Trump’s lingering hold over the Republican Party has forced Youngkin to attempt an awkward balancing act. He can’t win without at least some support from the moderates and independents who live in Northern Virginia’s wealthy, diverse, and well-educated suburbs, which have turned increasingly blue in recent years. But he can’t afford to rankle the majority of Virginia Republicans who still see Trump as the leader of the GOP.

Since winning the Republican nomination in May, Youngkin has made a conscious effort to keep Trump off the campaign trail and avoid even mentioning the former president’s name at rallies. 

Youngkin might want to avoid associating his name with Trump’s, but McAuliffe is not going to let him off the hook so easily. Last week Steve Bannon headlined a “Take Back Virginia Rally,” nominally on Youngkin’s behalf, where Trump called in and attendees pledged allegiance to a flag displayed near the Capitol on January 6. Youngkin did not attend the event and said it was “weird and wrong” to pledge allegiance to such a flag. But McAuliffe criticized him for not responding more forcefully.

To make matters worse for Youngkin, the Democratic National Committee flew a banner over Trump’s Mar-a-Lago resort this week that read, “Why won’t Youngkin let Trump campaign in VA?”

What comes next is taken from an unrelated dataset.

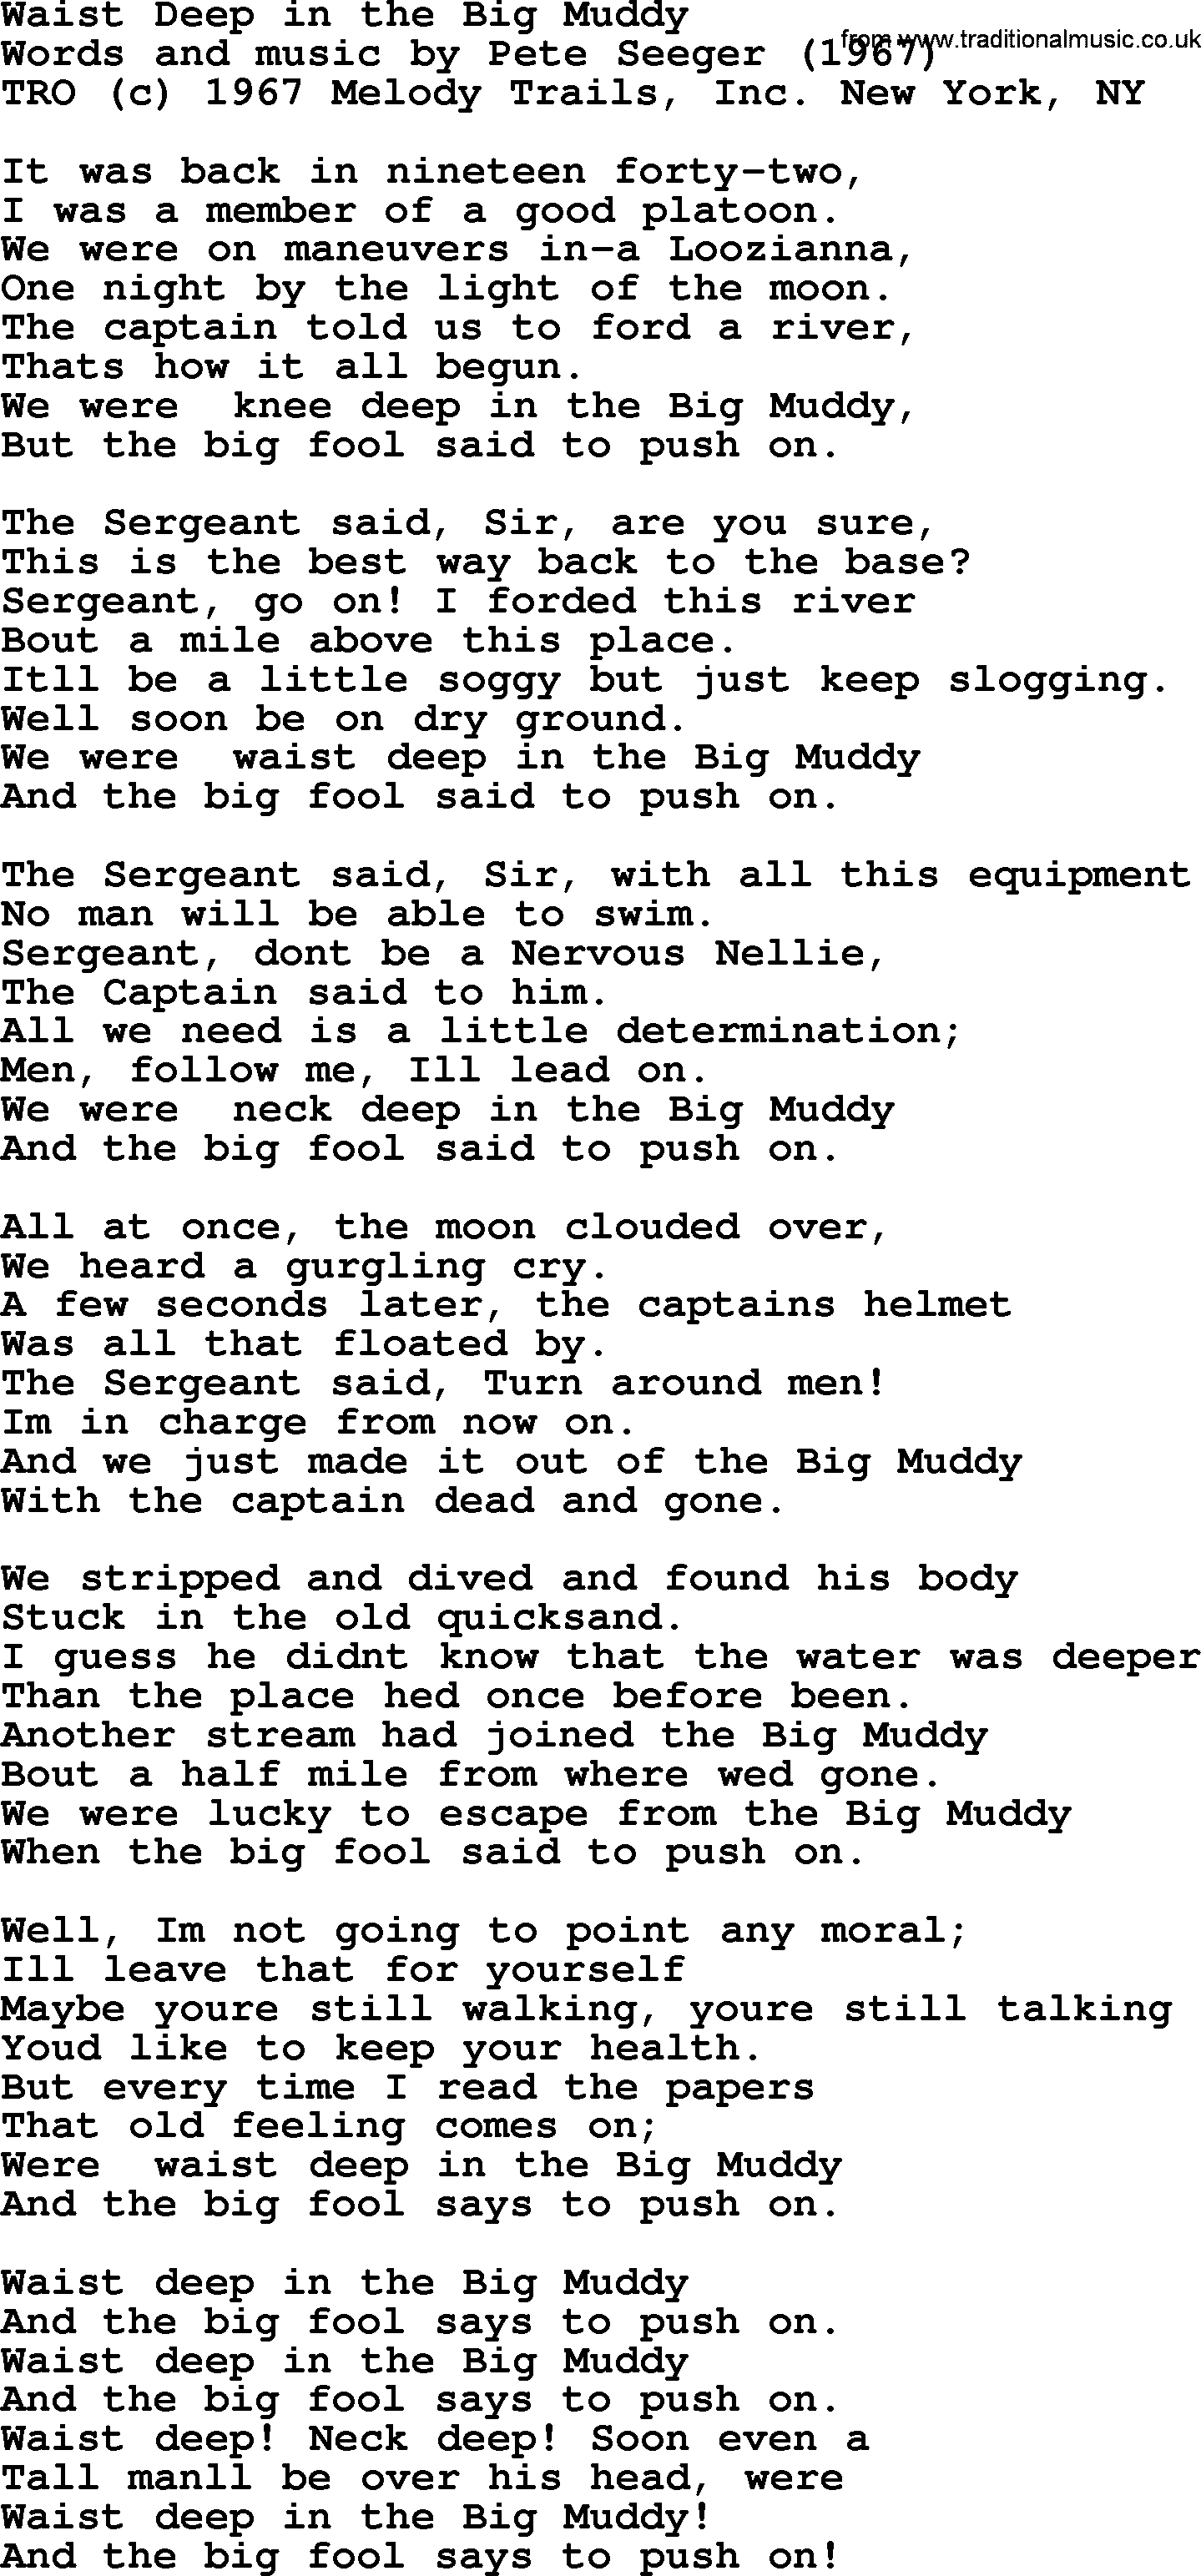 Pete Seeger song Waist Deep in the Big Muddy-Pete-Seeger.txt lyrics

The Republican candidate has taken advantage of the ongoing debate over critical race theory and parental input into curriculum decisions in K-12 schools, two issues that have become a major flashpoint for suburban parents around the country but particularly in Virginia. During a debate last month, Youngkin reminded voters that McAuliffe once vetoed a bill that would have allowed parents to opt their children out of any reading assignments that contained “sexually explicit” material.

Youngkin was rewarded with the soundbite he was looking for. “I don’t think parents should be telling schools what they should teach,” McAuliffe said during the debate.

Unlike McAuliffe, whose campaign has focused almost entirely on COVID-19, abortion, and Trump, Youngkin has zeroed in on kitchen table issues like K-12 education, tax reform, and public safety. “Every day we see that Virginia is just less safe than it used to be,” Youngkin told a crowd of roughly 15 sheriffs and deputies at a police week campaign event in McLean, Virginia last Thursday. 

The parent-centric focus of Youngkin’s campaign has also enthused the many Virginia Republicans who see K-12 education as their No. 1 priority in this year’s gubernatorial contest. “You see the opponent of Mr. Youngkin attacking schools, wanting government to basically control what our young’uns are learning with no parental input whatsoever,” Washington County Sheriff Blake Andis told The Dispatch at Thursday’s event.

But first-time voter Matthew Savage, a self-described “lifelong Democrat” from Falls Church, Virginia, says Youngkin’s K-12 policy proposals will take Virginia backward and “hurt” public school students like him. “[Youngkin] wants school choice, which is really just another way of saying he wants to take the money away from public education and send it into private schools,” said Savage, who attended Sunday’s Stacey Abrams event on his 18th birthday.

As the race comes to a close, Democratic political operatives warn that this race is a key bellwether ahead of the 2022 midterms. “Here in Virginia, you have the chance to set the stage,” Abrams told voters at Sunday’s event. “Do we go in the direction of the future? Or do we regress to a past that is dark and bitter and mean and does not believe in all of us?”